Friday, September 14, 2012

Election Model: National Simulation

Simulating National Outcomes

National Elections are more about a national message than high variability in any given state. I simulate a national outcome first, then simulate individual state outcomes based on both the national outcome and how each individual state tends to perform relative to the national outcome (for example, Vermont currently looks 17 points better for Obama than the national outcome, Alabama looks 21 points worse). Simulating in this manner ensures that states tends to move together with the national outcome, but are allowed to vary individually.

Each individual election is simulated by drawing a random sample from a normal distribution, then the results are aggregated to give summary statistics (for example, Obama won the Electoral Vote 84.1% of the time the last time I ran 25,000 simulations). The mean and variance of the distributions are calculated as follows:

The mean is based on polling average. For national outcomes the mean is simply the current polling average. For state outcomes it is the national poll average + the state adjustment (+17 for Vermont, -21 for Alabama).

Variance is more difficult and I've struggled with it. I ultimately decided on the following. Using the calibrated logistic function I believe I've arrived a way of translate polling advantage, sample size, and distance to the election into a reliable winning percentage in a way that is cognizant of the 3 primary sources of error. In calculating the appropriate variance to use I leverage that calculation. Given that I know an average polling outcome (say, Obama +8.9 for Connecticut) and the probability Obama wins that state (if the state election were an independent event) in this case 98.67%. Using those two numbers I can calculate an implied polling standard deviation (4.02% in the case of CT

The detailed outcomes from my 9/13 simulation are below.
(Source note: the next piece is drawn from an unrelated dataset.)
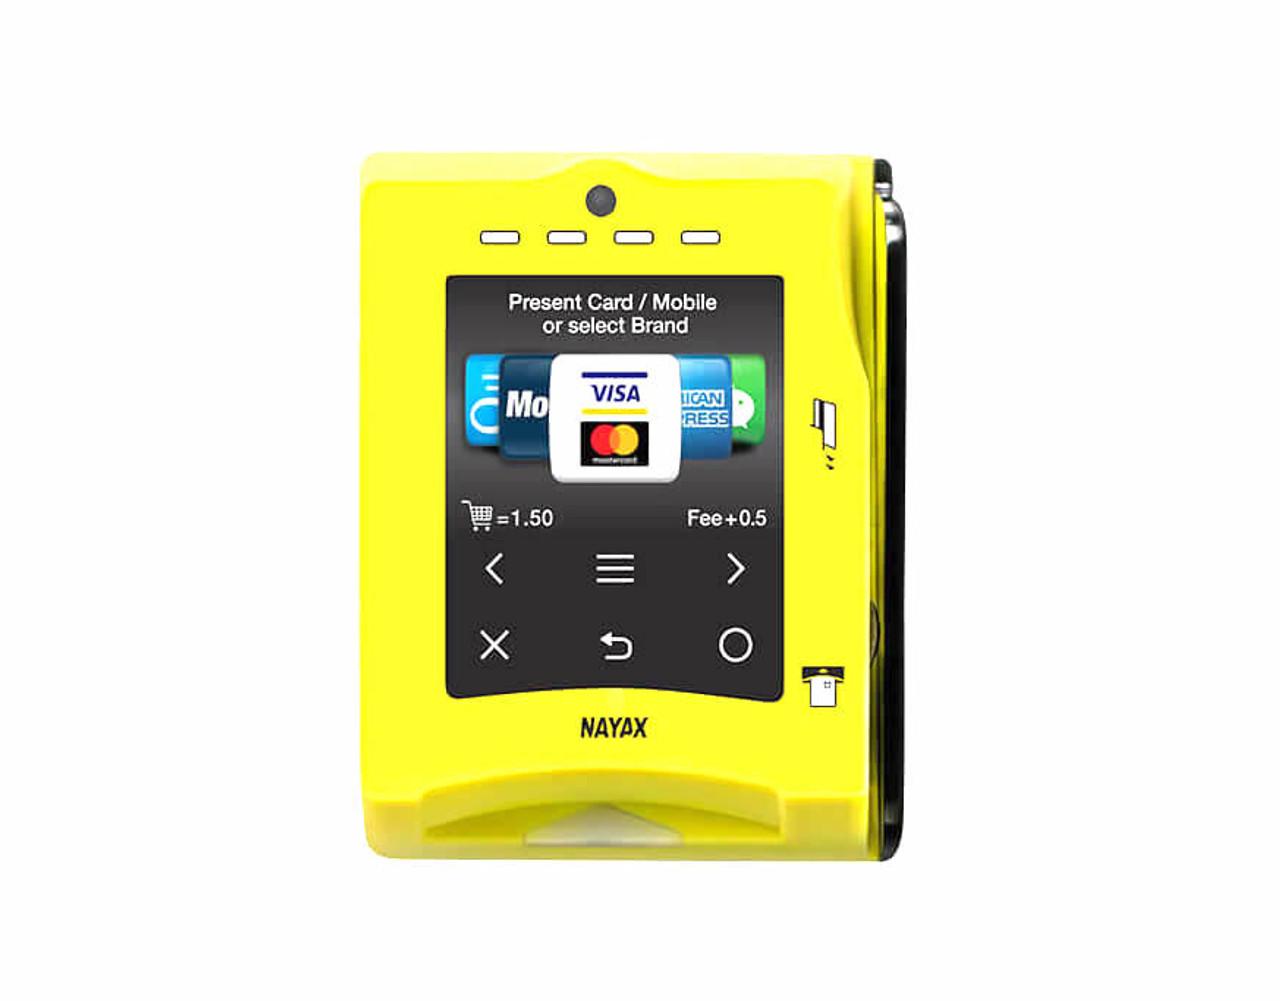 New Nayax VPOS Touch Credit Card Reader

  1. May I ask why you are using the logistic function instead of just the raw poll results (i.e. if Obama's poll result in a state is 53%, why not just say his probability of winning in that state is 53%)?

    1. Historical data simply doesn't support bear out an approach like that, and neither does common sense.

      As a demonstration let's look at Kansas. The model currently gives Romney 100% chance to win in Kansas, an 18 point lead there. If we assumed there were no undecided voters in Kansas that comes out to 59% - 41%; if the model assigned President Obama a 41% chance of winning Kansas it would be very very wrong to do so.